The contention between Chancellors and other magnates was not confined to Ireland. The rivalry between the English Chancellor, Cardinal Beaufort, and Humphry Duke of Gloucester, the Protector, created serious riots in London in October 1425, and articles of impeachment were exhibited by the Duke against the Chancellor. [Lord Campbell’s Chancellors of England, vol. i. p. 336.]
Whether Archbishop Talbot considered the Primate, Dr. Swain, had supplanted him, in respect to the See of Armagh I cannot say, but a very hostile feeling prevailed between the Archbishop of Dublin and the Primate of all Ireland.
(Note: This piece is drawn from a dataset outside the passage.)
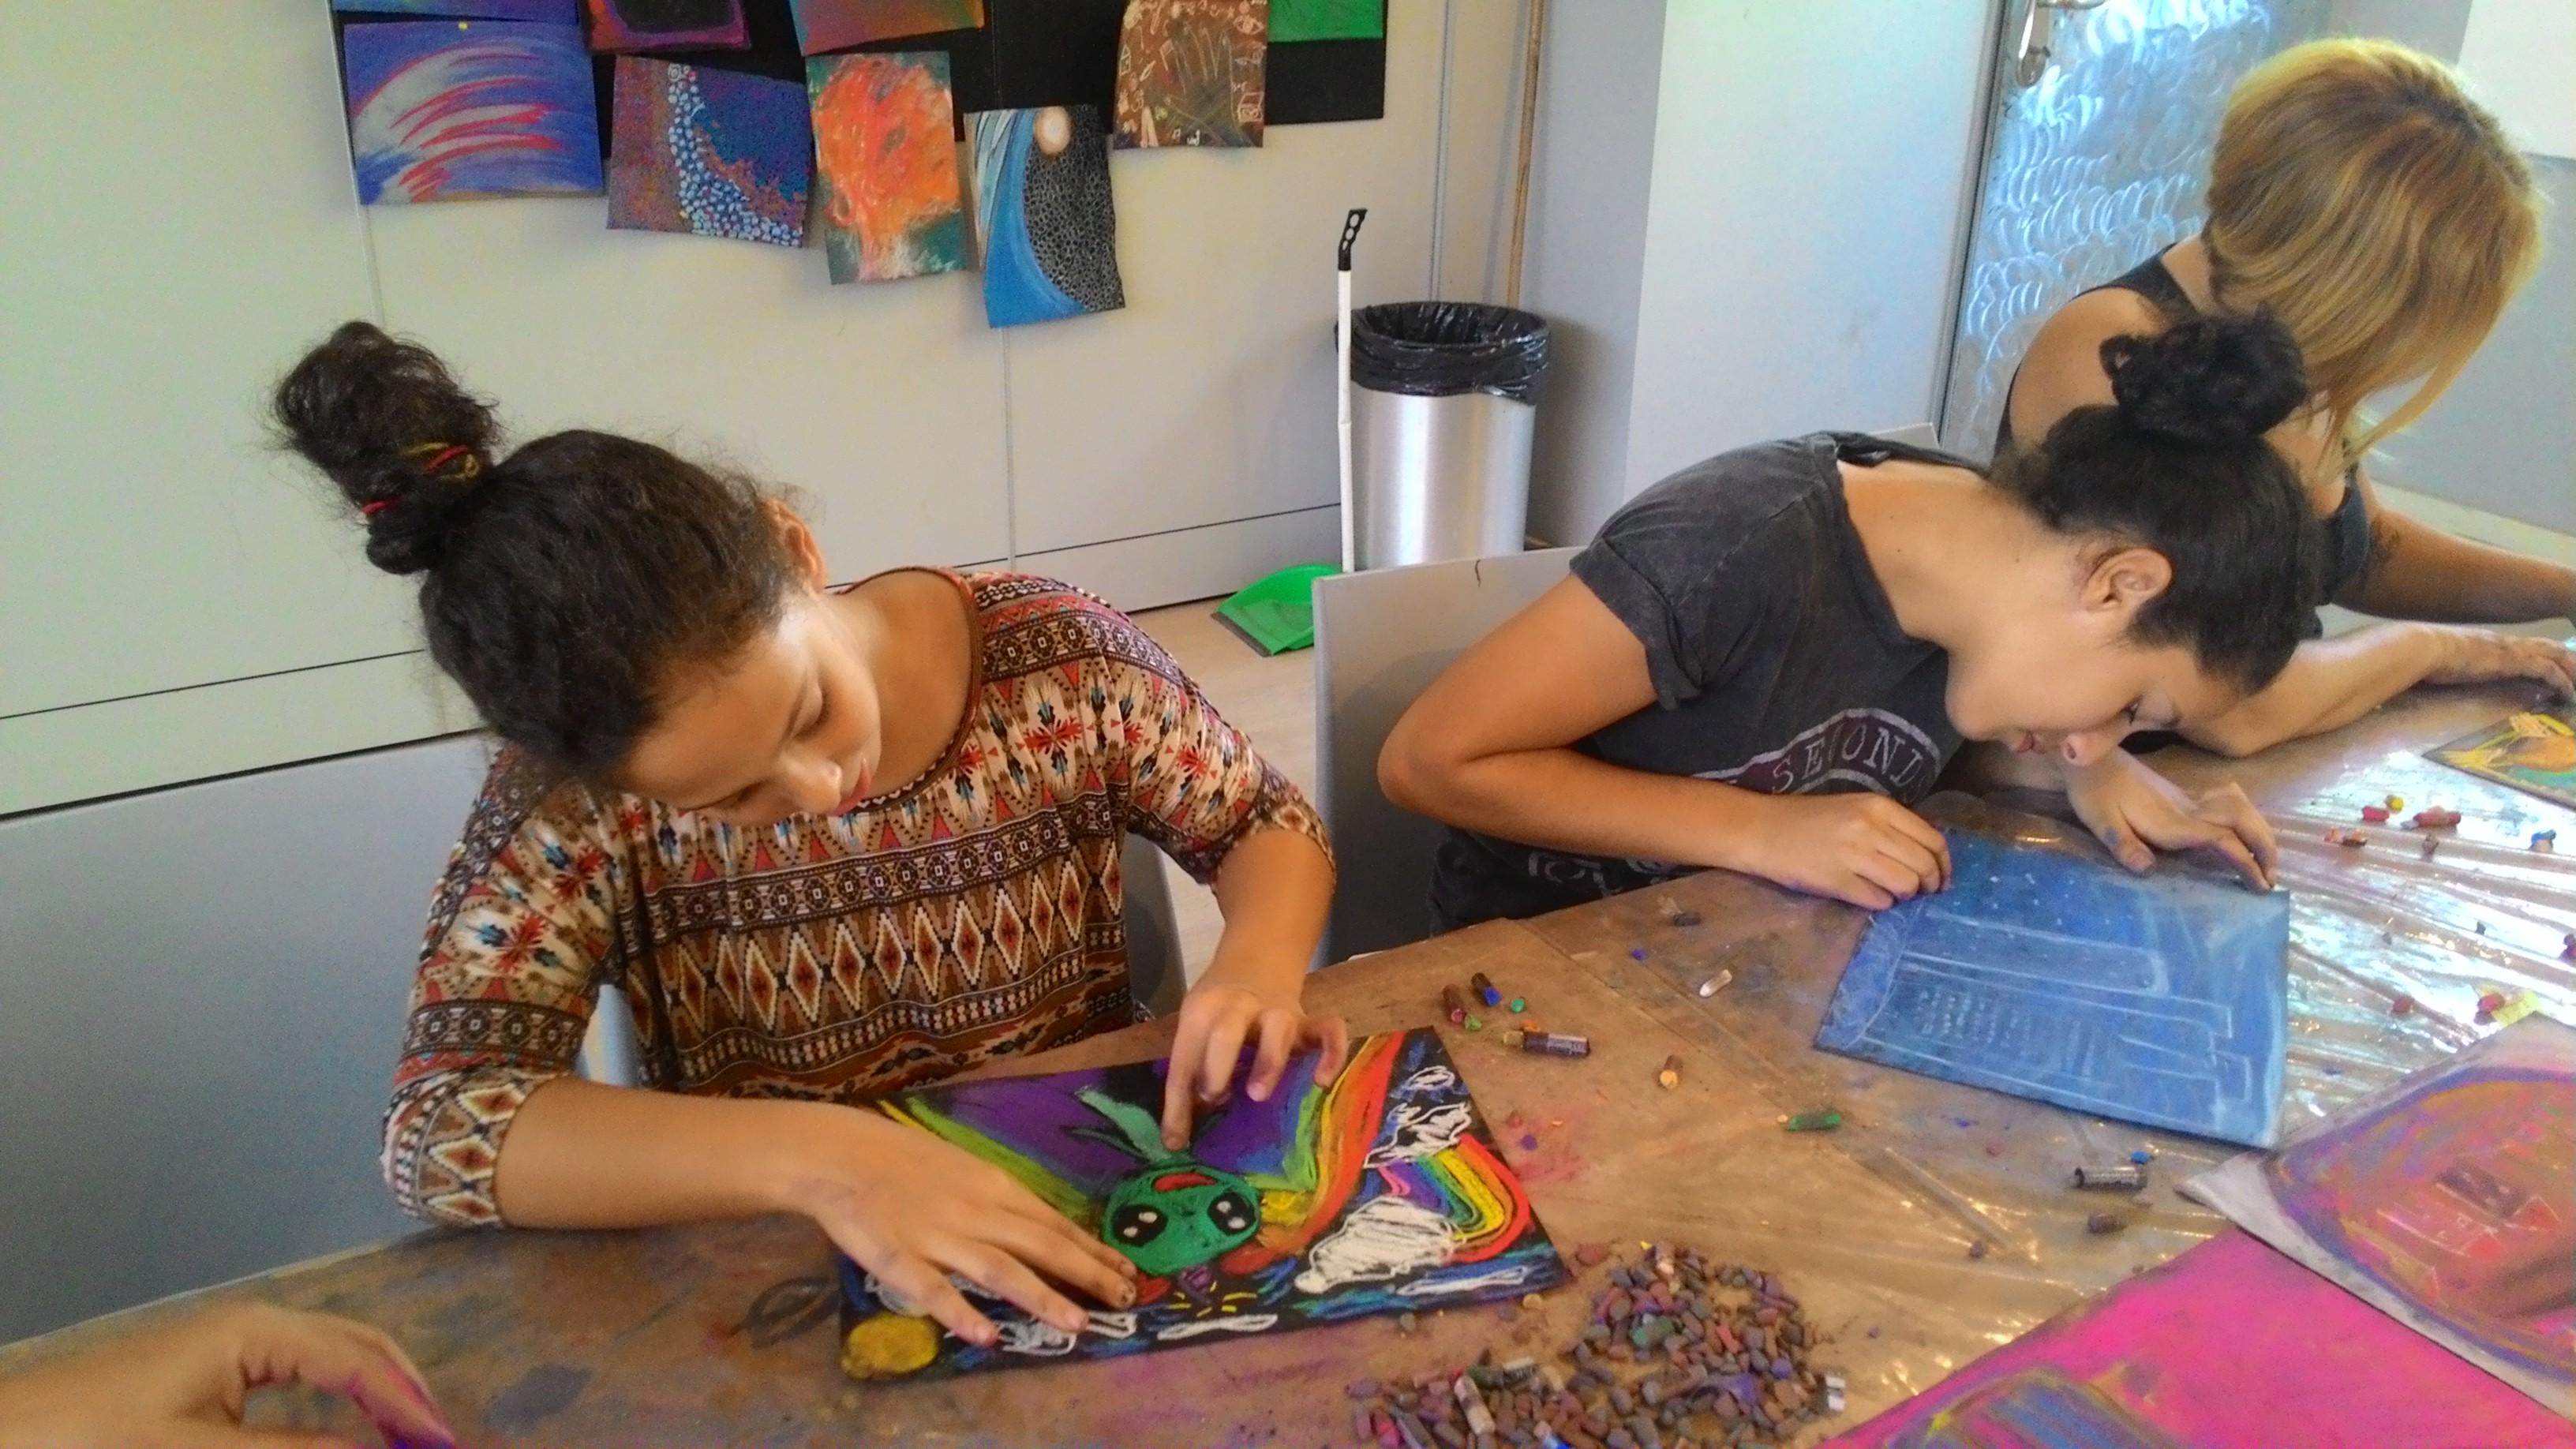 שתי אחיות מציירות ציור אינטואיטיבי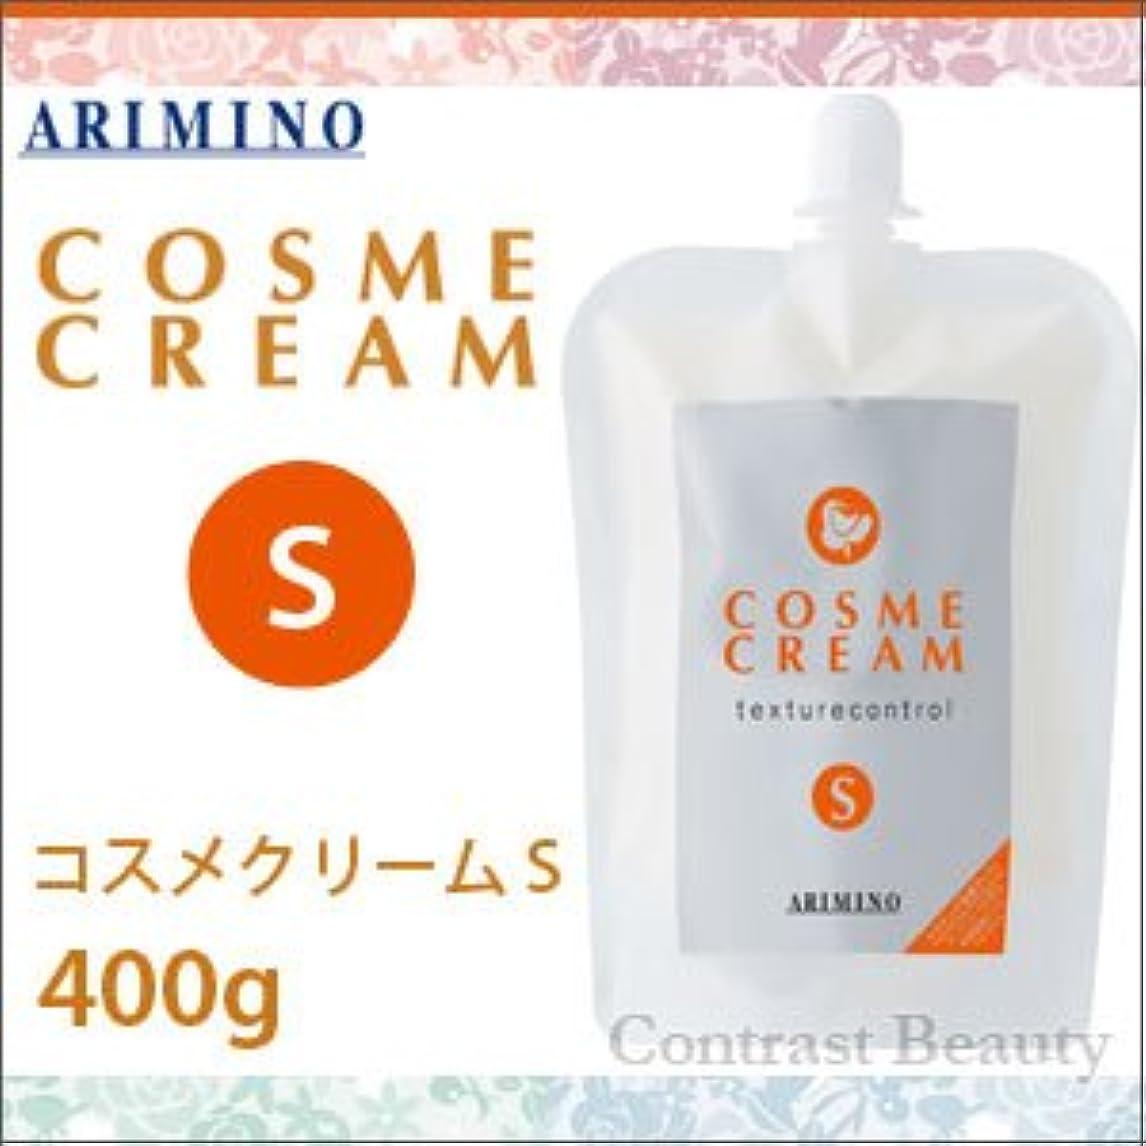 アリミノ コスメクリーム S 400g

In D’Alton’s Memoir of Dr. Talbot, we read:- ‘In 1429, John Swain, Archbishop of Armnagh, having been surmmoned to appear in a Parliament held in the province of Leinster, made return that he could not personally attend without violation of his oath, taken at his consecration, to defend the rights of the See, and that he was impeded by the contradiction and rebellion of the Archbishop and Clergy of Dublin, on the articles of bearing his Cross, and asserting his Primatial Jurisdiction in the Province of Leinster.’ [D’Alton’s Lives of the Archbishops of Dublin.]
For many years a question of precedency was in dispute between the Prelates of Armagh and Dublin, which, however, was ultimately decided in favour of Armagh.
A more serious charge, however, at least one involving more penal consequences to the Chancellor Archbishop, was made in this year. Talbot had a Royal mandate, reciting, that the King was led to understand that divers of his Irish subjects, arrayed in arms, held unlawful meetings, and traversed the country from place to place, causing injury to the King, and his liege subjects, all which evil doings the Archbishop of Dublin was alleged to aid and abet; he was therefore commanded forthwith to put a stop to such meetings, and without fail to appear before the King and Privy Council at an early day, to answer such matters as might be charged against him. [Ibid. pp. l55.]
It is hardly within my province to trace the ecclesiastical changes which the Archbishop promoted, and which are duly recorded in D’Alton’s work. [Ibid. pp. 155-6-7] He was about being superseded, but evidently was reluctant to part with the office of Lord Chancellor. It is related that, in 1432, Thomas Chase, who had been appointed his successor, presented his letters patent in the presence of Sir Christopher Plunkett the Lord Deputy, in the Chapter room of the house of the Dominicans, and required the Archbishop to deliver up the Great Seal, the Archbishop took exception to the letters patent, which he contended, did not sufficiently substantiate such an intention, and declined giving the same, but consigned the Seal to the custody of the Lord Deputy, until the King’s will should be better ascertained, and Talbot was allowed to remain Chancellor.